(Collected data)
* * *
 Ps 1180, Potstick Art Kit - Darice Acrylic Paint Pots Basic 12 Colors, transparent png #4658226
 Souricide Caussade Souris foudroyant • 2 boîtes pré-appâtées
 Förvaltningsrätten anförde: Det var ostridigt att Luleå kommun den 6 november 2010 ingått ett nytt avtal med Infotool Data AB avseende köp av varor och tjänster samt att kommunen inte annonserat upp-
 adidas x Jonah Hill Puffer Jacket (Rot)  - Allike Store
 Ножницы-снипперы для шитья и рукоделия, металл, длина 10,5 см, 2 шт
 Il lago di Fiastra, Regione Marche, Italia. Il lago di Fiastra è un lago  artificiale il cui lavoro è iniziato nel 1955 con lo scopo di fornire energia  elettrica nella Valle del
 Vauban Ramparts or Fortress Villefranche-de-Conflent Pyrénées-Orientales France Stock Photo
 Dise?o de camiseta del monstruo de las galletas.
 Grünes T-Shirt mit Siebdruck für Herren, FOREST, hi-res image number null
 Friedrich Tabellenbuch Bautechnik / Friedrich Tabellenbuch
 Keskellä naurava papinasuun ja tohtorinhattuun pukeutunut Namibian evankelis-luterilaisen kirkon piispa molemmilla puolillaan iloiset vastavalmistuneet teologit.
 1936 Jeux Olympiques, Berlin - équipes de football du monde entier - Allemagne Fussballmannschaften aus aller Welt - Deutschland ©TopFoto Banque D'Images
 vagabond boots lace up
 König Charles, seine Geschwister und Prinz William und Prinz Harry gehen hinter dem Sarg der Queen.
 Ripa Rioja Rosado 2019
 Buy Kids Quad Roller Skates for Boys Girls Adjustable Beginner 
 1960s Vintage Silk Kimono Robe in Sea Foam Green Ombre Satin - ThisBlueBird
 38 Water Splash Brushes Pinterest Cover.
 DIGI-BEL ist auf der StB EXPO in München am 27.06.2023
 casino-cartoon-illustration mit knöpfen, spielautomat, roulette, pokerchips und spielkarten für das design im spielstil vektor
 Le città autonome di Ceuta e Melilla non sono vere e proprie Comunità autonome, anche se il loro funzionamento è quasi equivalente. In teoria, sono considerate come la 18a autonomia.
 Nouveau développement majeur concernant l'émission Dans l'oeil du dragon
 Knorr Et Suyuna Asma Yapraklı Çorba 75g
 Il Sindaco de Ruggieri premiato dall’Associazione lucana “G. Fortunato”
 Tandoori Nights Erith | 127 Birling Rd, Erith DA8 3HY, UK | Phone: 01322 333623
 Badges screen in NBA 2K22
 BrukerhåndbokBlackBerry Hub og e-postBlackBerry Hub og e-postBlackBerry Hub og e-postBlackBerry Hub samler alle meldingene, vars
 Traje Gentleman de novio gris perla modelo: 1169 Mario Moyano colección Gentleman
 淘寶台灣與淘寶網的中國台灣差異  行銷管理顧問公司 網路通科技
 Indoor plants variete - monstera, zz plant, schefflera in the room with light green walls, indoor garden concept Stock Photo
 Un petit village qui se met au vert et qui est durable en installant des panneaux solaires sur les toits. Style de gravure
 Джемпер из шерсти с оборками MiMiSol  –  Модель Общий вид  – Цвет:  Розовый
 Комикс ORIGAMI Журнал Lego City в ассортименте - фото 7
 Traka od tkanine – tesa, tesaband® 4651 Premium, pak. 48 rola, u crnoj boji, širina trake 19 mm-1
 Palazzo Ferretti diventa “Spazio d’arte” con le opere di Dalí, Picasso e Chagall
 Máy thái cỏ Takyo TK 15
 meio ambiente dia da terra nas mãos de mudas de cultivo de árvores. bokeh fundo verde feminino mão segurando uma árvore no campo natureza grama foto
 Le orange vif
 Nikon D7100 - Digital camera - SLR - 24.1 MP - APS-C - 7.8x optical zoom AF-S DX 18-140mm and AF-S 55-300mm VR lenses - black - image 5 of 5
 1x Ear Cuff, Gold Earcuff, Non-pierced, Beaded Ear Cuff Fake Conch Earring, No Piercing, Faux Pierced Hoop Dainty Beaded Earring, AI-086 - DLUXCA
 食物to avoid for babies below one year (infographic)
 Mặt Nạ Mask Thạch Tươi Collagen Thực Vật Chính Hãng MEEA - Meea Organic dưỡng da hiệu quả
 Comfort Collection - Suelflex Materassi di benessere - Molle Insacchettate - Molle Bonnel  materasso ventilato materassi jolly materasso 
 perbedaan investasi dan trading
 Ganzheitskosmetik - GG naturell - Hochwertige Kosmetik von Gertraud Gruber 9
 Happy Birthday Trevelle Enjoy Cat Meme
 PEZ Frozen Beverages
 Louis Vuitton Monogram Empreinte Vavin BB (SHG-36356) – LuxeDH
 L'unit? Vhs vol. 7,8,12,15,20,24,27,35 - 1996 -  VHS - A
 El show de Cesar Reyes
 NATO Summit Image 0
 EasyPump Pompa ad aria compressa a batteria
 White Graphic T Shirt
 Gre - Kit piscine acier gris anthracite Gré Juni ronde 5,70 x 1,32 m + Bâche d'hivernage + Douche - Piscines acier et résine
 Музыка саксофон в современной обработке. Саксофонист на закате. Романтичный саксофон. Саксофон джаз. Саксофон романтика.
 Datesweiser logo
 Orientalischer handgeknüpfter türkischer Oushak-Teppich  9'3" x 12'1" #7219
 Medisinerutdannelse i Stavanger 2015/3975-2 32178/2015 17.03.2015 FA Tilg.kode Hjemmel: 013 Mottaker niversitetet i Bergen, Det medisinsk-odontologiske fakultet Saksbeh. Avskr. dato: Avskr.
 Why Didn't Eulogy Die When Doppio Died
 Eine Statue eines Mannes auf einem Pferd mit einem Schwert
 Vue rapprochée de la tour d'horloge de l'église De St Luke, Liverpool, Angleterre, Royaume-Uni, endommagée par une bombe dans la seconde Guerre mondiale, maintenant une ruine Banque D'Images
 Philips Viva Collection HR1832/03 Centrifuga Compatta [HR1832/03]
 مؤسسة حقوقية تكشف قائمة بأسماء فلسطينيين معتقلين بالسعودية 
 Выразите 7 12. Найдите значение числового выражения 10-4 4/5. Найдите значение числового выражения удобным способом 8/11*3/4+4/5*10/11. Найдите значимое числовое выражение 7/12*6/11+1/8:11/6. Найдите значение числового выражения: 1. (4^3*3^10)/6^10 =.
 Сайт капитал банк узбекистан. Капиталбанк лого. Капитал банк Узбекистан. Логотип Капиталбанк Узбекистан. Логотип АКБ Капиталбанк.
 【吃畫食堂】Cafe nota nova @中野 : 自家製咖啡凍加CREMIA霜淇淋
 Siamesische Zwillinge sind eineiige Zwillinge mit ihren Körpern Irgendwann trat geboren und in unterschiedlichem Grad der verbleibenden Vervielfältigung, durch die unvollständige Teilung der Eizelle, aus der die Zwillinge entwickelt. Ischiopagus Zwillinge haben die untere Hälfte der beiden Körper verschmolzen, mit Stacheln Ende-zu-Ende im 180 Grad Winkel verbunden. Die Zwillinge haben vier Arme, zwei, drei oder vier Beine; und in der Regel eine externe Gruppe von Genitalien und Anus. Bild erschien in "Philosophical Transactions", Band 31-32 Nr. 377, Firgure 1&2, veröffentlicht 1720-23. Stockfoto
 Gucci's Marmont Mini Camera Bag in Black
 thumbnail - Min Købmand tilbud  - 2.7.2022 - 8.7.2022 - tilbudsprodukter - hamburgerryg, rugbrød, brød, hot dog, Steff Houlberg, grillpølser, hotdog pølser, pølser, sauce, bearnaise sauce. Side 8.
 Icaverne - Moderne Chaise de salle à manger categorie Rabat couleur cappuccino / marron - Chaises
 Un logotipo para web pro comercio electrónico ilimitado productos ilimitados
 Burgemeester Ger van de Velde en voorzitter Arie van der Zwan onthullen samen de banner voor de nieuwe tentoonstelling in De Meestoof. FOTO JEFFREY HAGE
* * *
Please output exactly the lines between the one holding "Tandoori Nights Erith" and the one holding "Indoor plants variete" in the records above, inclusive, and nothing more.

 Tandoori Nights Erith | 127 Birling Rd, Erith DA8 3HY, UK | Phone: 01322 333623
 Badges screen in NBA 2K22
 BrukerhåndbokBlackBerry Hub og e-postBlackBerry Hub og e-postBlackBerry Hub og e-postBlackBerry Hub samler alle meldingene, vars
 Traje Gentleman de novio gris perla modelo: 1169 Mario Moyano colección Gentleman
 淘寶台灣與淘寶網的中國台灣差異  行銷管理顧問公司 網路通科技
 Indoor plants variete - monstera, zz plant, schefflera in the room with light green walls, indoor garden concept Stock Photo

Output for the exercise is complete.